The silence that followed was as astonishing as our inability to answer such a question. After all the He had given us in the past days… He had healed our crippled family members, ordained us with power, and given us the answers we had so desperately searched for. Even more resounding to me, and I’m certain all of us, He gave me peace. Peace that I could rightly hope for a heaven where I belonged, where we all belonged. A gift of a return home… and yet, here He was, astounding us again with another one of His questions that somehow consumed my every part. He asked us one by one, and each one of the Twelve began to answer in beautifully individual, yet similar ways. Nine times the same choice was made until the lot fell to me. The truth in my heart suggested a different desire and I was afraid. His eyes locked on mine, and I was greeted by eternity, with a smile.
“What do you want?”
“Hey, are you guys hiring right now?” I asked, via phone, pacing in my front room. “Can you work 70 hours a week?” He replied, shouting over loud machinery. I paused, thought of a witty retort to his joke and scoffed, “Sure, why not?” “Come in on Thursday for an interview, before 2.” Then he hung up. My ‘interview’ consisted of a handshake, some snide comments on the length of my hair and maybe a question on my work ethic. “Wear a hat.” Was the acknowledgement that I had gotten the job.

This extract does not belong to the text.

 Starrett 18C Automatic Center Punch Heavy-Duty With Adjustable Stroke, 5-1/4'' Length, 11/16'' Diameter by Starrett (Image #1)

I worked 70 hours a week as a butcher that fall, winter, and spring. We killed cows, sheep, and pigs from all over the state. We hung them to cure for up to two weeks and butchered them as ordered. Custom slaughter is what they call it. We processed wild game too, those were always the longest days. When we’d cut through 40-50 deer, elk, mountain goat, wild boar, etc in a day. Killing and cleaning happened at the end of each day, sometimes during a nighttime snow storm. Blood usually splattered across my jeans, boots, and white shirt. I drove home exhausted, and satisfied every day.

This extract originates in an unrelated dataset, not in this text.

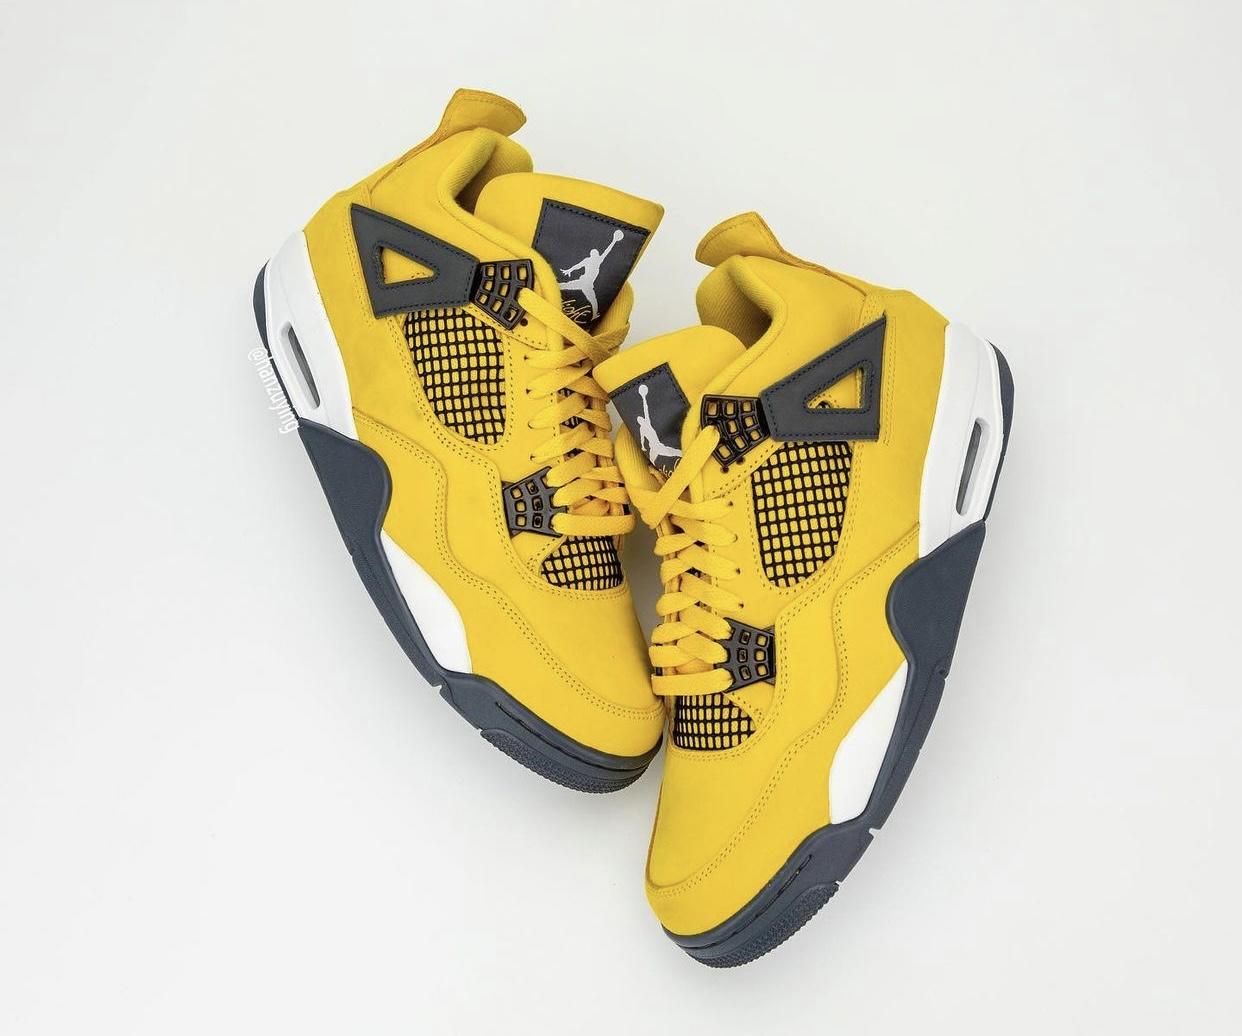 Nike,Air Jordan 4,Jordan Brand   天价鞋今年回归!电母AJ4复刻日期曝光

The seed that got me to the butcher shop was planted sometime during my senior year at Brigham Young University. Months before graduating with a double major in Middle Eastern Studies and Arabic. It was a seed of doubt, of not belonging. I knew that I was surrounded by intellectual and social contemporaries, but there was almost a complacency in the university. I felt like the charge to go and change the world was unreachable in a world of academia. I felt like the wheels were spinning, but without traction. I longed for good honest labor. I wanted to be physically exerted after work. I wanted to shake hands with the people I was helping. I wanted to feel and see my efforts. So I followed that seed and after graduating, made my way to the butcher shop. The seed usually manifests itself as a question, “What do I want?”. Over the next year that questioning seed sprouted consistently, and guided my life’s growth, weaving doubt and faith, conversion and apostasy, love and hate.
After six months of dating my girlfriend I decided to break up with her. The question seed had gotten hold of yet another aspect of my life. I didn’t want anything to do with relationships or marriage. It seemed like everyone I knew was either getting divorced or enduring a marriage that didn’t seem worth it to me. So with some cynicism and resentment I decided that I was tired of pretending that marriage was something I really wanted.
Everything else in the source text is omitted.